Lines 102-120: With all the preliminary steps done, this section launches the various threads, one for each partition block. The shared variables $MaxDev and $NoIterations are read and written to by the threads but only read by the calling program when reporting the results. The other two shared variables, $Halt and $NoBlocksDone are only read and written by the threads and are key to their ability to self-manage the iteration process.
Lines 122-136: This section reports the results of the iteration if convergence has occurred. It also outputs the difference between the estimates and the exact solution xe^y.
Lines 138-206: This is the main subroutine associated with each thread call.
Lines 154-183: These lines are the outermost loop, which will repeat until either the maximum deviation in the estimates is less than the specified tolerance or the number of maximum number of iterations allowed is reached.
Lines 156-165: These two nested loops define the required node coordinates in order to perform a single cycle of the Gauss-Seidel method for the associated partition block. Each new estimate is computed by Subroutine estimateNode and the current maximum deviation for the block is updated.
Lines 167-182: This is the key section that allows the threads to self-manage the iteration process. It starts with the critical step of getting a lock on the shared variable $NoBlocksDone. Once obtained, a thread can then update part or all of the remaining shared variables. Then the counter $NoBlocksDone is incremented to reflect the number of threads that have finished their iteration cycle. The overall maximum deviation is next updated. If the current thread is not the last one to finish, then it releases the lock on $NoBlocksDone and goes into a wait state. On the other hand, if it is the last to finish, it first increments the iteration counter and then determines whether all the threads should repeat their calculations or stop. The value of the stopping criterion is stored in the shared boolean variable $Halt. Finally, the last thread then broadcasts a signal to the other threads to resume. They then all consult the value of $Halt in order to take the appropriate action.
Lines 187-205: This secondary subroutine is responsible for computing the estimate at a specified node coordinate in accordance with the corresponding central-difference equation. It returns the absolute difference between the new and old values of the estimate. Note that we've chosen to recompute f(x,y) with each call rather than pre-calculate the values and store them in an array, i.e., $F[$i,$j], in order to minimize memory usage (though for such a small grid the point is moot). Moreover, no lock is placed on the array W in order not to impede the execution speed.

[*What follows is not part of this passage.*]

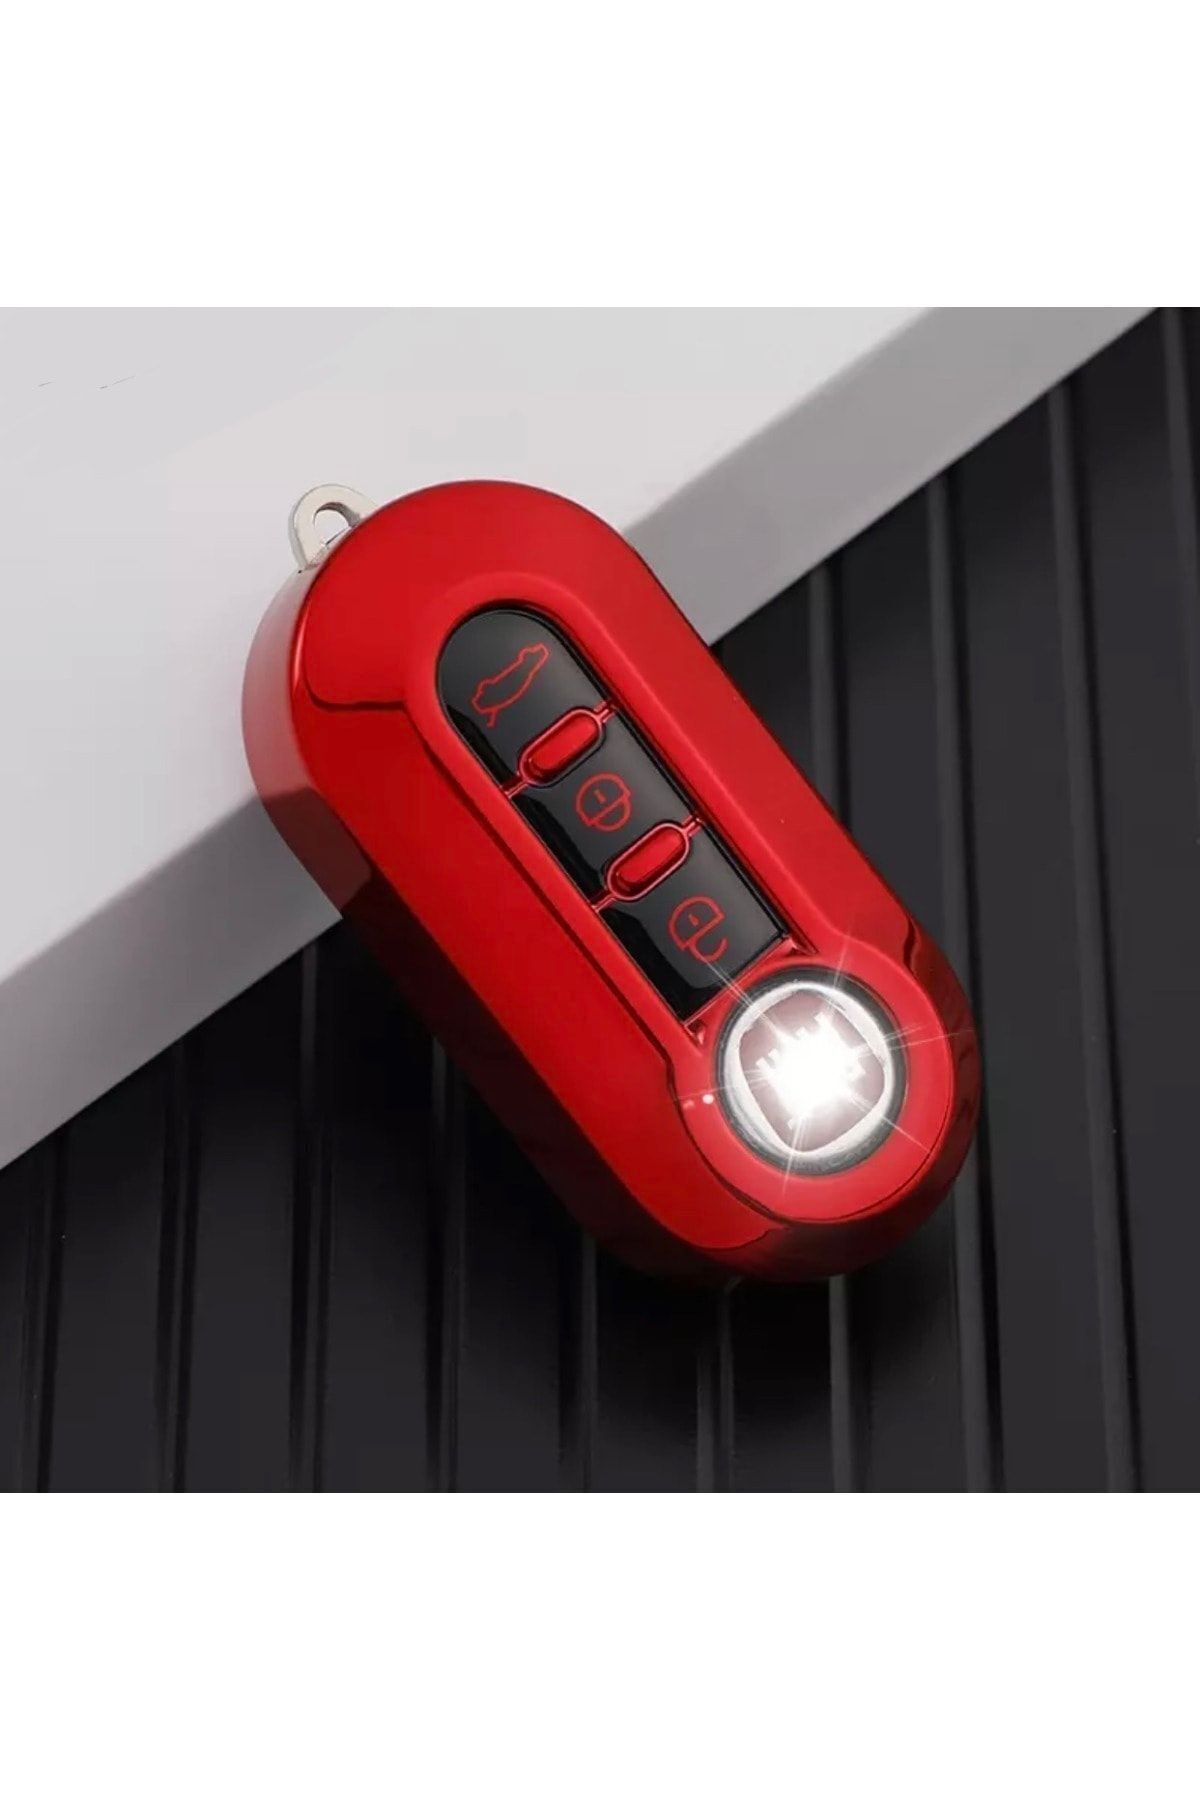 YıldızTuning Fiat Doblo Fiorino Linea 500 Anahtar Kılıfı Parlak Kırmızı

One last important observation must be made. Running this code can result in the number of iterations required varying between 61 and 63. This is certainly the case on a single-core system. This may seem disconcerting at first given that a purely sequential algorithm never deviates in the number of iterations required in successive runs. Such an algorithm will always estimate the values in the same order, using the same mixture of old and new values. Not so with this threaded version. Due to process starvation, there's a certain amount of randomness in the computation order for the estimates on to the adjacent boundaries of contiguous blocks. In turn, this implies a random mixture of old and new estimate values coming into play at each iteration cycle. For example, let's say one thread is assigned to update the estimate w(i, j) whereas another one is responsible the adjacent one w(i+1, j). Recalling that each estimate is a function of the other, then it's never clear whether an estimate will use the other's old value or its new one. It all depends on which thread gets to do its computations first, regardless of any lock. In the worst case scenario, the iteration scheme for a thread could degenerate to a hybrid of the Jacobi and Gauss-Seidel methods where more old values are used instead of new ones.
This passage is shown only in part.